Once the model is trained we can use the weights (and a little bit of trickery) to plot the decision boundary for each
node. You should see that each node has learned a different function, or a different aspect of the problem space,
as was shown in the diagram above.

In [None]:
# Create decision boundaries for each node in the network
x_points, y_points, h1_pred = generate_decision_boundary(train_x, ann.node_predict, trained_model['hidden1'])
_, _, h2_pred = generate_decision_boundary(train_x, ann.node_predict, trained_model['hidden2'])
_, _, ann_pred = generate_decision_boundary(train_x, ann.predict, trained_model)

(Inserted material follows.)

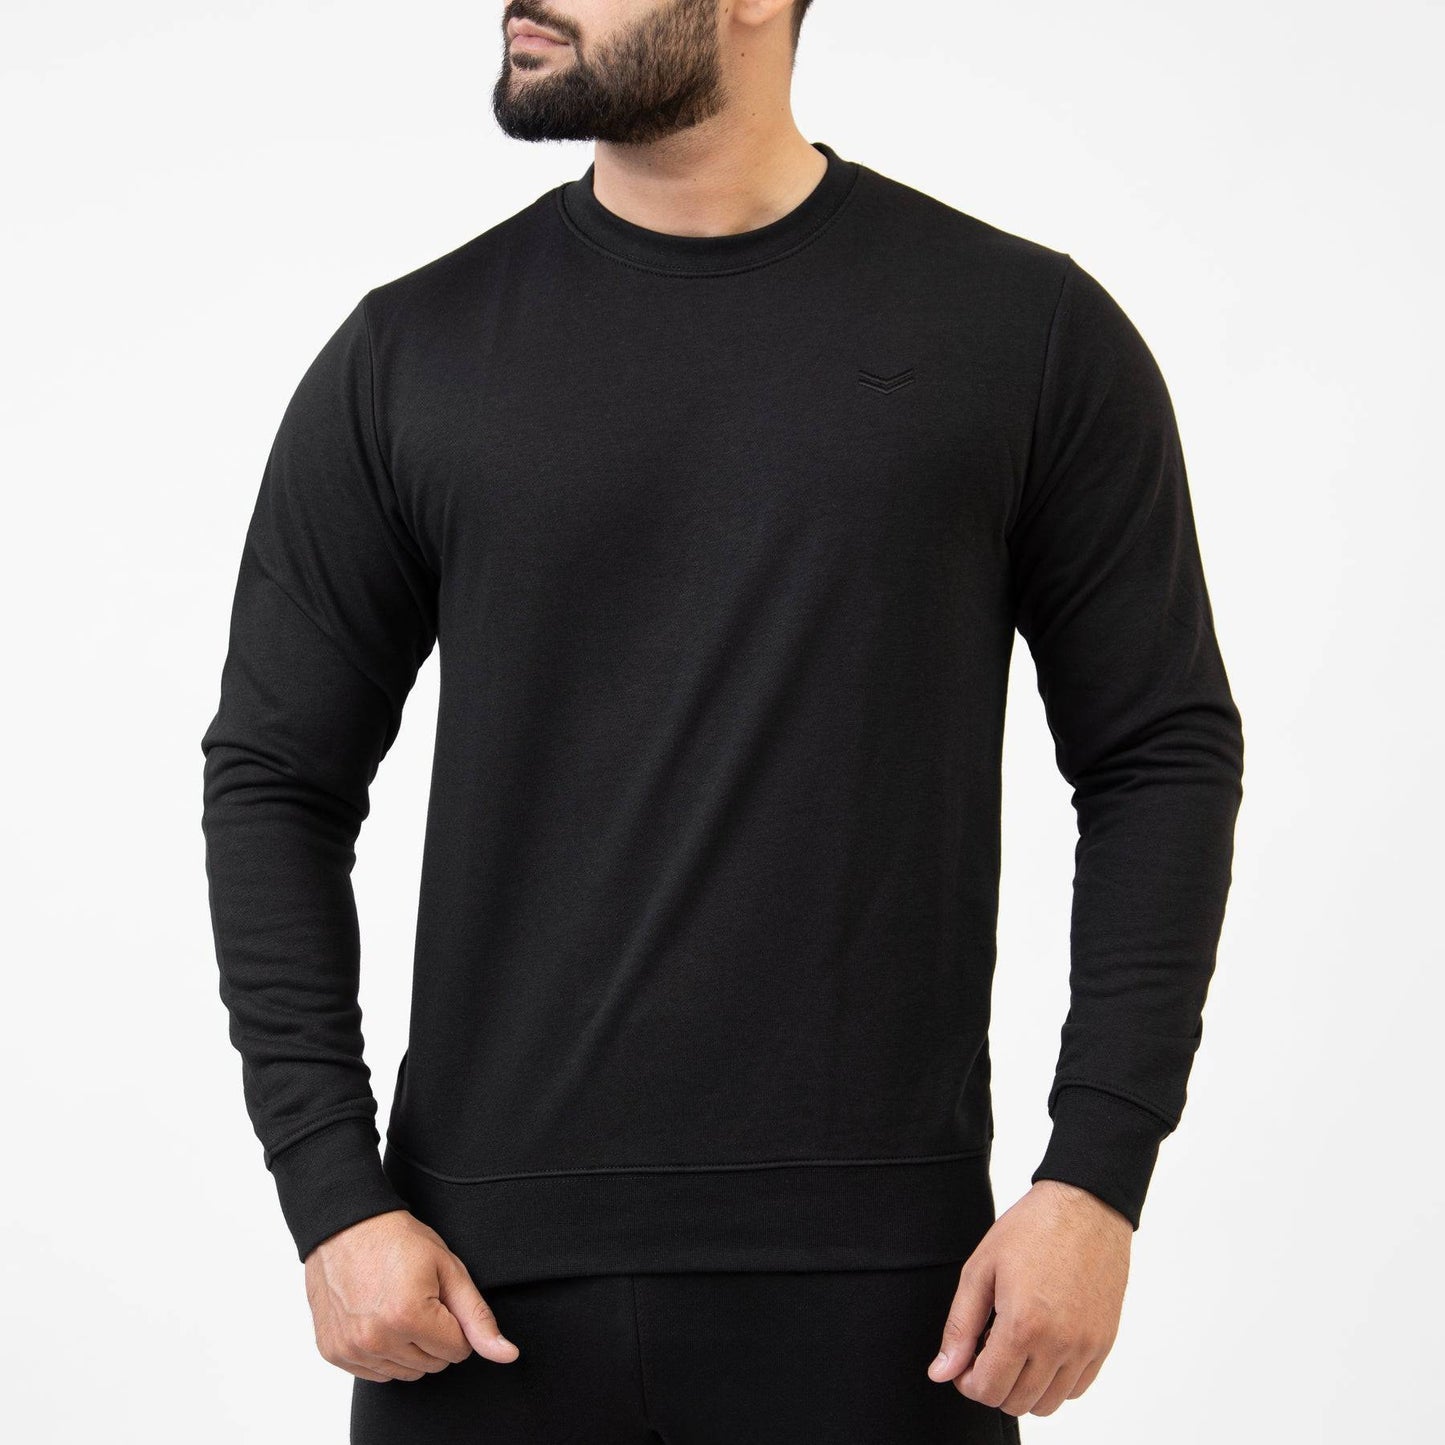 Pitch Black Sweatshirt - Valetica Sports
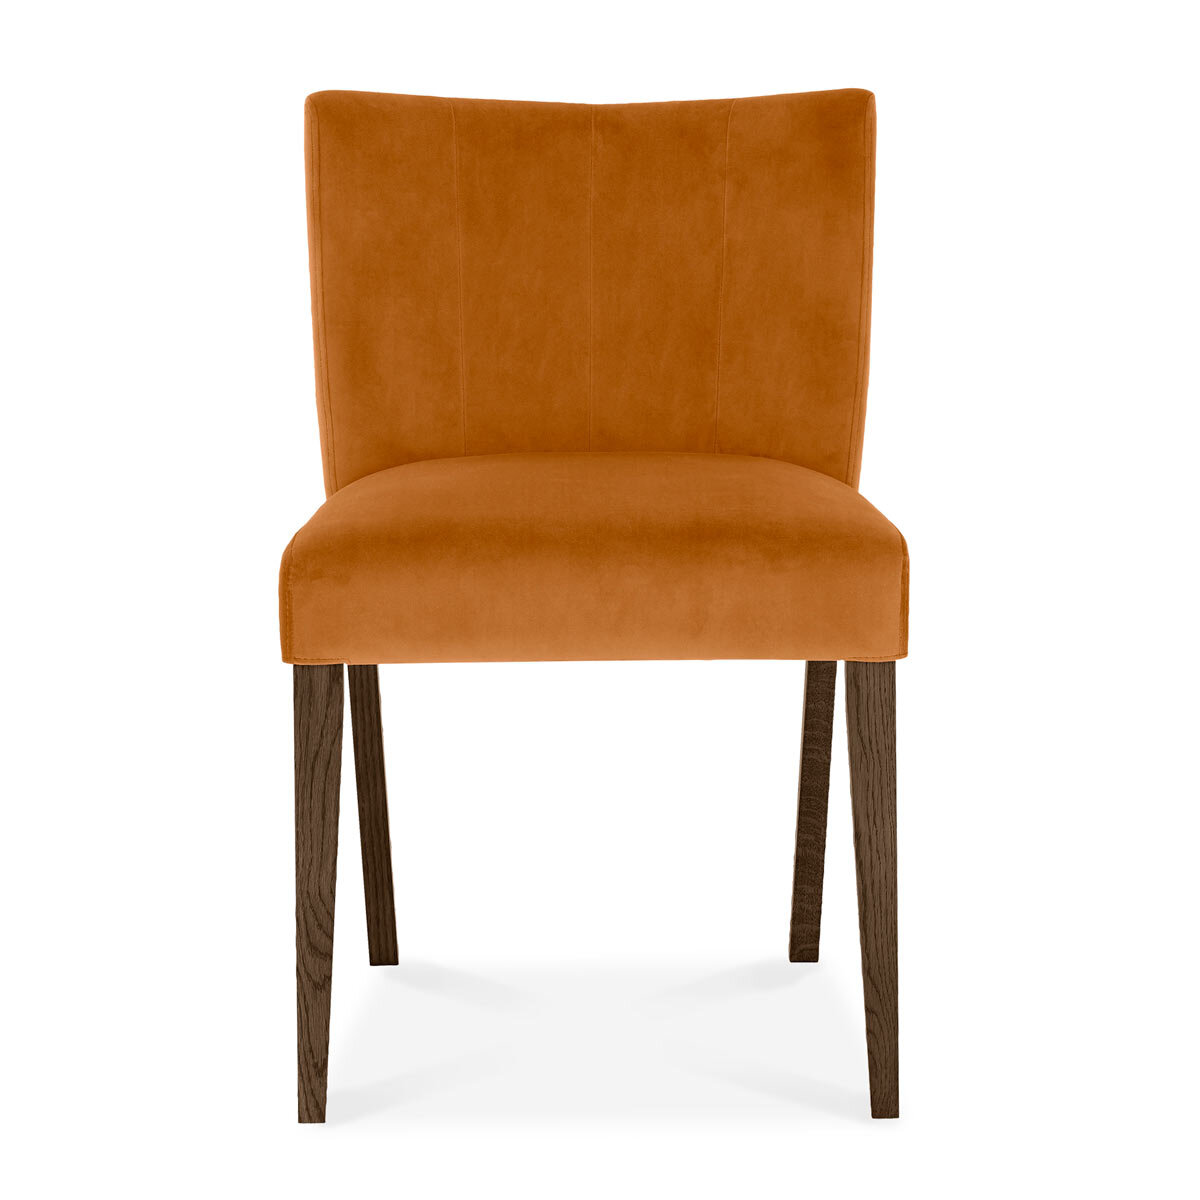 Bentley Designs Milan Low Back Orange Velvet Upholstered Chair, 2 Pack

# Plot the decision boundaries
figure, ax = plt.subplots(2, 2, figsize=(16, 12))
[axi.set_axis_off() for axi in ax.ravel()]
ax[0, 0].contourf(x_points, y_points, h1_pred, alpha = 0.6, cmap='Spectral')
ax[0, 0].scatter(train_x[:, 0], train_x[:, 1], c=train_y.ravel(), s=50, cmap='RdYlGn')
ax[0, 0].title.set_text('Hidden Node 1')
ax[0, 1].contourf(x_points, y_points, h2_pred, alpha = 0.6, cmap='Spectral')
ax[0, 1].scatter(train_x[:, 0], train_x[:, 1], c=train_y.ravel(), s=50, cmap='RdYlGn')
ax[0, 1].title.set_text('Hidden Node 2')
ax[1, 0].contourf(x_points, y_points, ann_pred, alpha = 0.6, cmap='Spectral')
ax[1, 0].scatter(train_x[:, 0], train_x[:, 1], c=train_y.ravel(), s=50, cmap='RdYlGn')
ax[1, 0].title.set_text('Output Node')

# This function animates the decision boundaries that were saved as the model trained
def animate(i):
    ax[1, 1].clear()
    contour = ax[1, 1].contourf(x_points, y_points, decision_boundaries[i]['boundary'], alpha = 0.6, cmap='Spectral')
    scatter = ax[1, 1].scatter(train_x[:, 0], train_x[:, 1], c=train_y.ravel(), s=50, cmap='RdYlGn')
    epoch, error, acc = decision_boundaries[i]['epoch'], decision_boundaries[i]['error'], decision_boundaries[i]['accuracy']
    ax[1, 1].title.set_text('Epoch: {} Error: {:.4f} Accuracy: {}%'.format(epoch, error, acc))
    ax[1, 1].axis('off')
    return contour, scatter
animation = animation.FuncAnimation(figure, animate, interval=250, repeat_delay=1000, frames=len(decision_boundaries))
plt.tight_layout()
# animation.save(os.path.join('output','ann_xor_decision_boundary.gif'), writer=animation.PillowWriter(fps=5), dpi='figure')
plt.close()
display(HTML(animation.to_jshtml()))

# Create a table that shows the inputs and outputs of each node
table = pd.DataFrame({'x1': train_x[:, 0], 'x2': train_x[:, 1], 'XOR': train_y,
                   'Hidden 1': ann.node_predict(train_x, trained_model['hidden1']),
                   'Hidden 2': ann.node_predict(train_x, trained_model['hidden2']),
                   'Output': np.rint(ann.predict(train_x, trained_model)).astype(int),
                   'Output (Raw)': ann.predict(train_x, trained_model)})

table